The total length of these non-redundant cis-regulatory sequences is about 434.92 million base pairs, which is about 17.38% of the susScr11 genome. To assess the localization accuracy of the above-identified cis-regulatory sequences, they compared the enhancers and promoters with the TSS annotated by the University of California, Santa Cruz (UCSC) Swine Project and with previously published ChIP-seq data from porcine pluripotent stem cells and liver tissues. The results indicate that approximately 50% of the putative promoters are consistent with promoter overlaps or TSSs identified in the published data, while the other approximately 50% are not reported in the porcine genome. More than 86% of the enhancers were also not reported in the pig genome.

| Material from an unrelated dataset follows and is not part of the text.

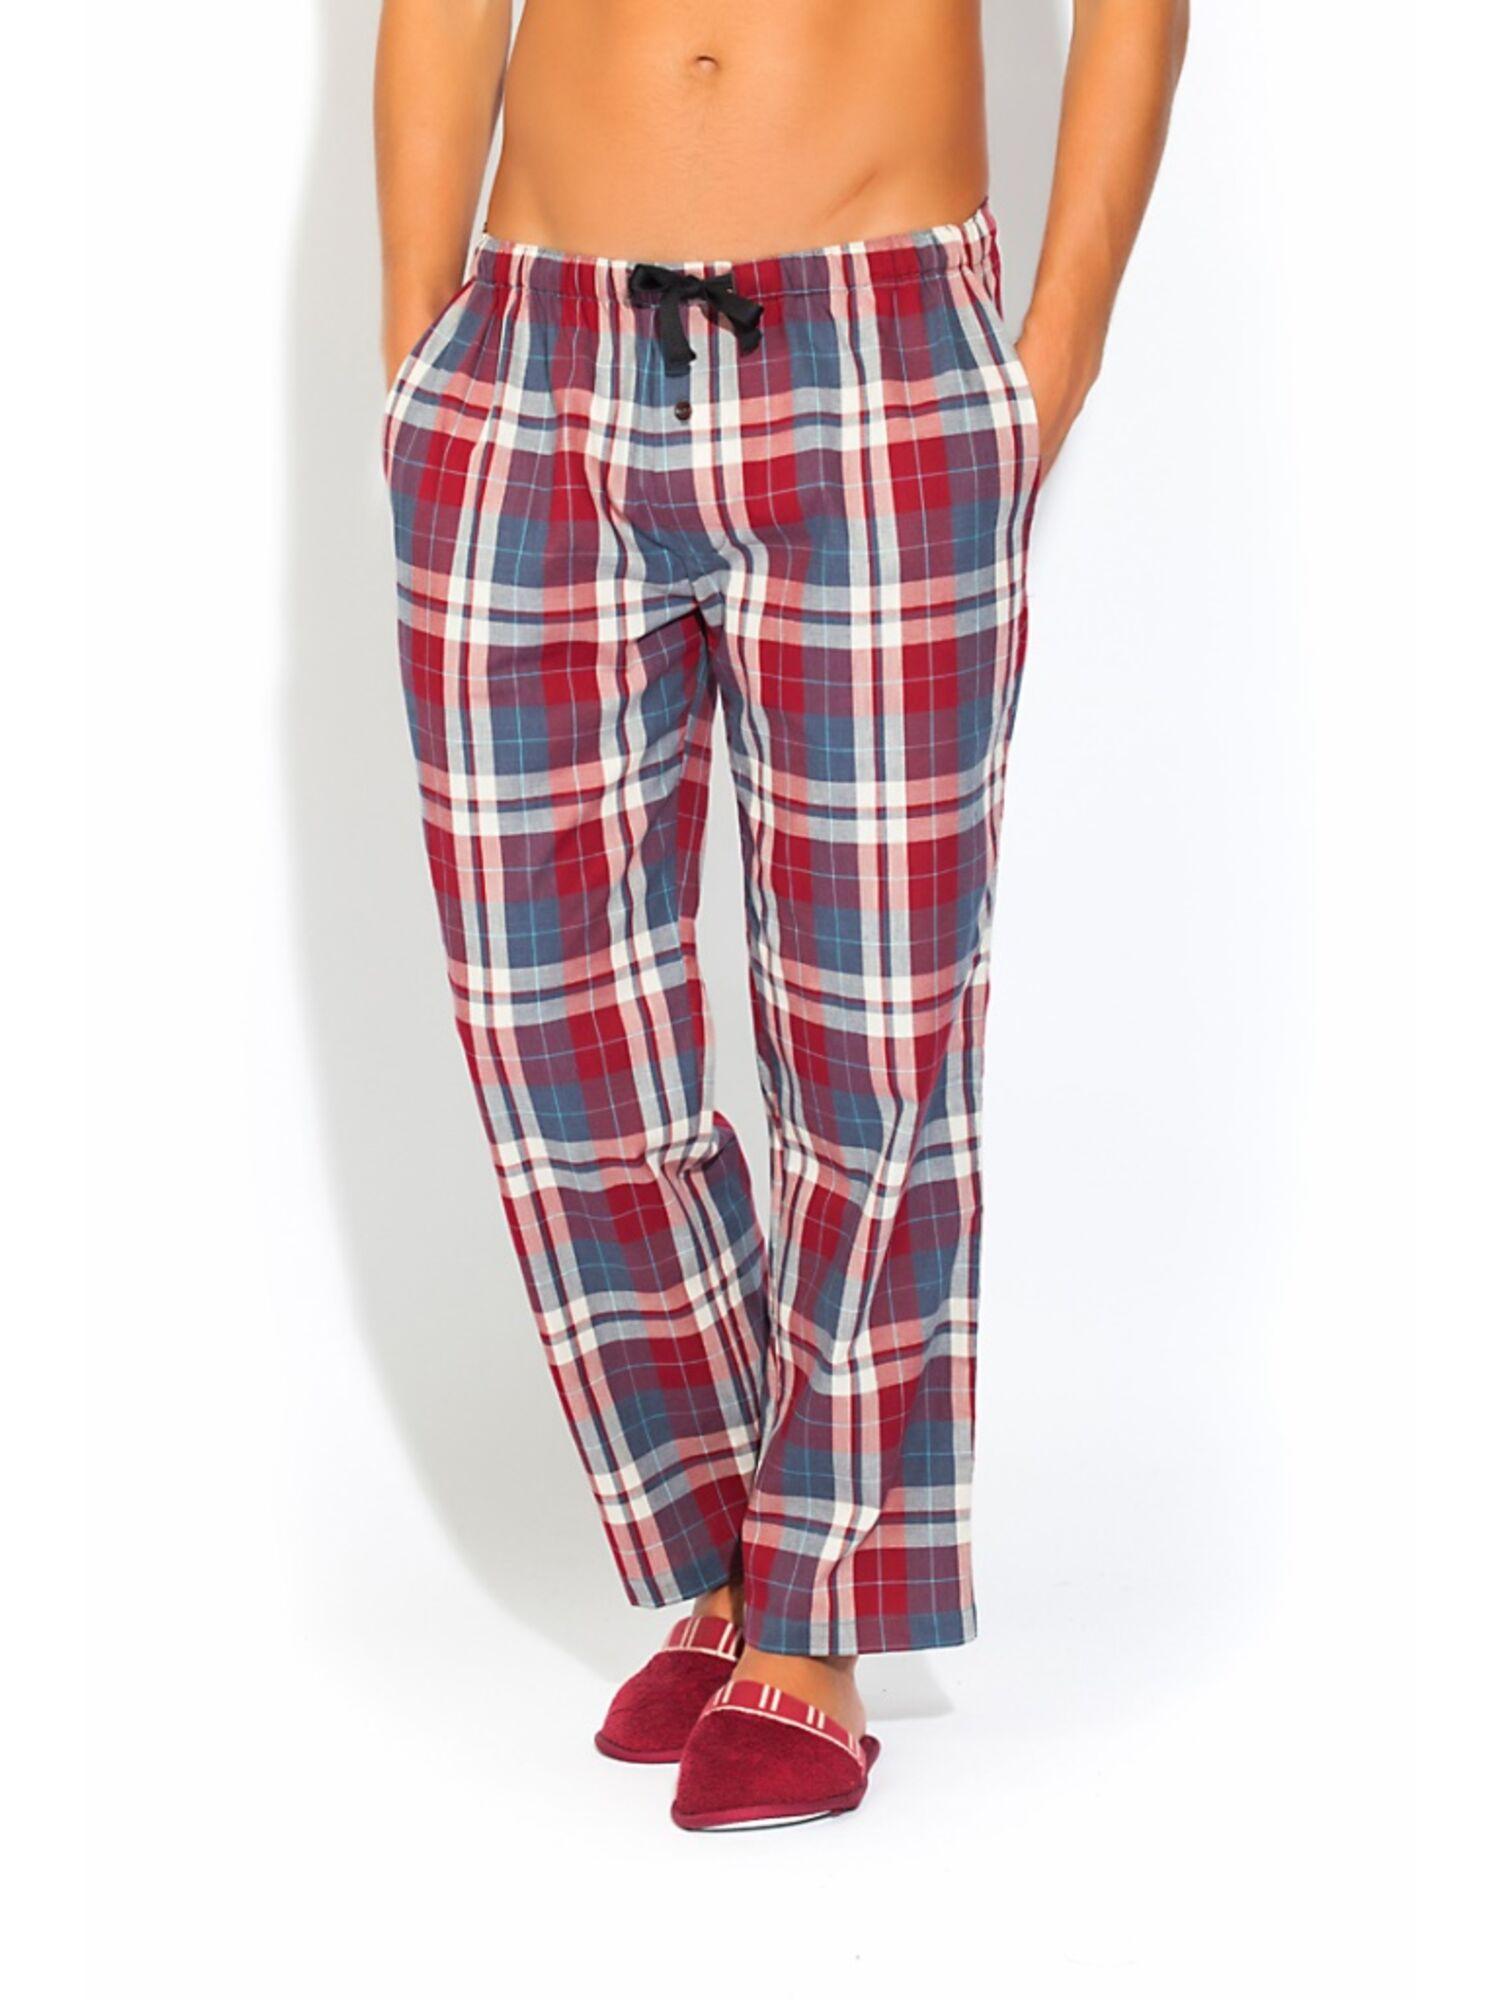 Мужские хлопковые брюки 002 VIKING 527 бордовая клетка, Peche Monnaie (Россия)

The 3D structure of the porcine genome was assessed using in situ Hi-C data, with skeletal muscle from a representative LW pig tissue sample. In total, 1,189,583,975 paired-end reads were sequenced, achieving more than 21x genome coverage, and they obtained 408,546,465 uniquely valid contacts, of which 290,325,259 were cis-contacts, after filtering for valid data using Hi-C-Pro. From these contacts, they mapped chromatin conformations as chromatin interaction frequencies, and the 3D genome structure modeling clearly showed the spatial relationships among pig genomic regions.
Cis-regulatory element landscape of the pig genome. (Zhao et al., 2021)
In their study, they conducted RNA-seq analysis on 52 samples derived from 11 different pig tissues across four distinct pig breeds. They revealed diverse patterns of RNA expression within each tissue, which they subsequently classified into 20 distinct clusters using the K-means function in the R programming language.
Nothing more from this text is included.